While the rate for short-stay residents, like the one Parker recalled, is relatively low, Maine’s rate for long-stay residents is higher than the national average. Short-stay residents are in a nursing home for less than 100 days, often recovering from surgery or being discharged from a hospital, according to the U.S. Centers for Medicare and Medicaid Services.

In the years after federal regulators cracked down on rates of antipsychotic medication given to long-stay nursing home residents, Maine became a success story, dramatically reducing its rate between 2011 and 2017 from 27 to 17 percent.
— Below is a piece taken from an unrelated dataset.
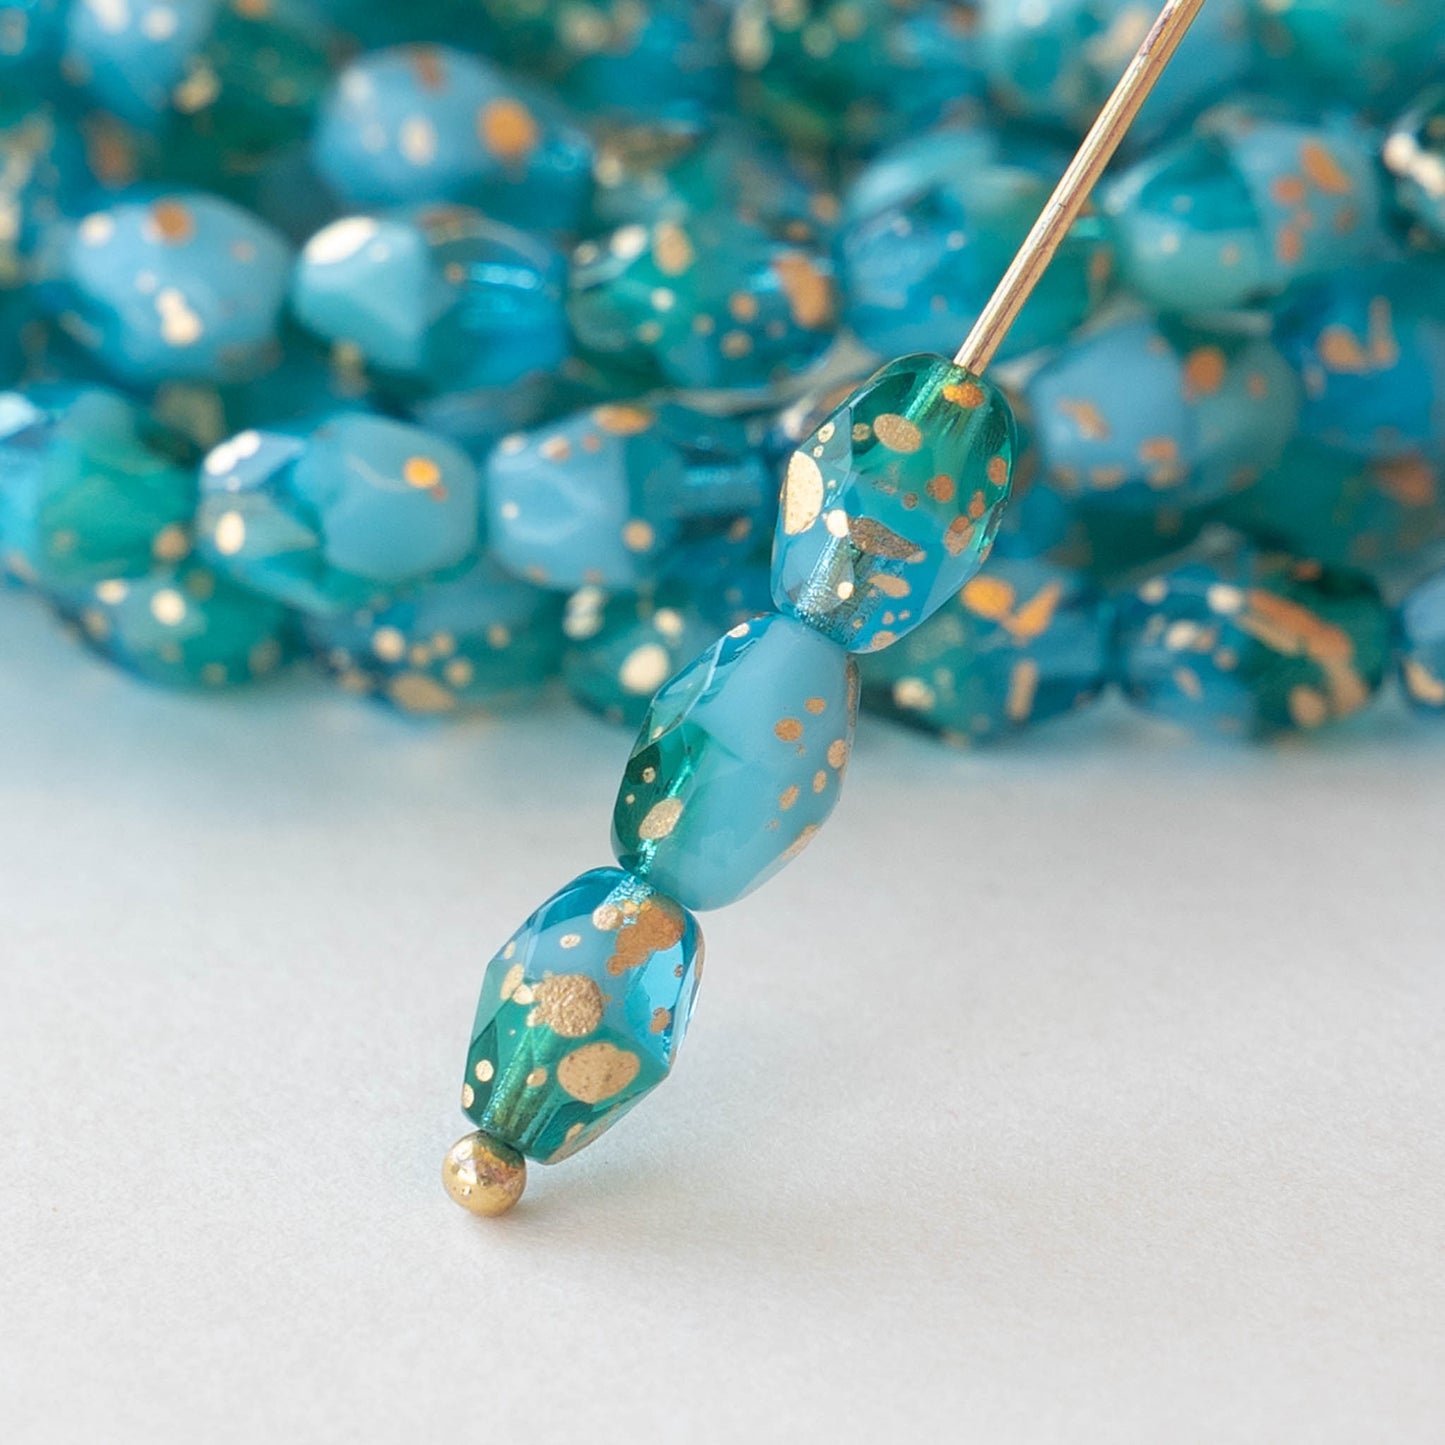 5x7mm Oval Beads - Aqua and Teal with Gold Dust - 20 beads
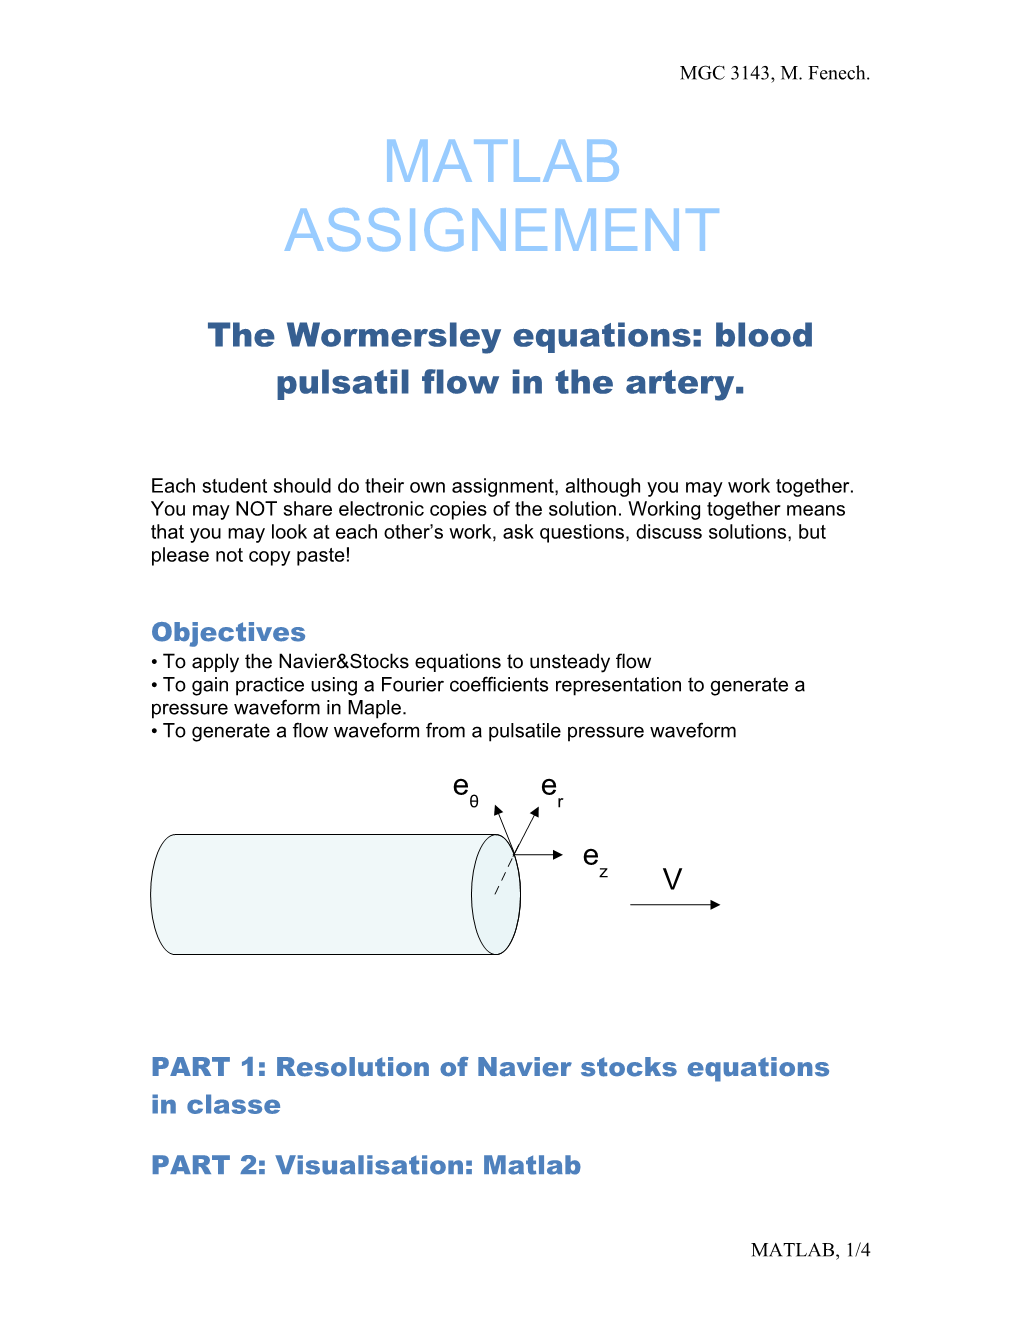 The Wormersley Equations: Blood Pulsatil Flow in the Artery

But since then, Maine’s rate has crept back to 20 percent, higher than the national average of 14.7 percent and the sixth-highest across all states, according to the U.S. Centers for Medicare and Medicaid Services. Among all American adults, the rate of antipsychotics was less than 2 percent. 

Antipsychotics are a type of medication, including Risperdal and Seroquel, designed to manage psychosis and delusions. They’re often given to patients with a diagnosis of schizophrenia or bipolar disorder. The side effects can be severe, including tremors, heart and circulatory problems, high cholesterol and sedation. They can be particularly problematic for older adults, even potentially shortening the lives of nursing home residents by increasing the risk of drowsiness, confusion and falling, said several experts.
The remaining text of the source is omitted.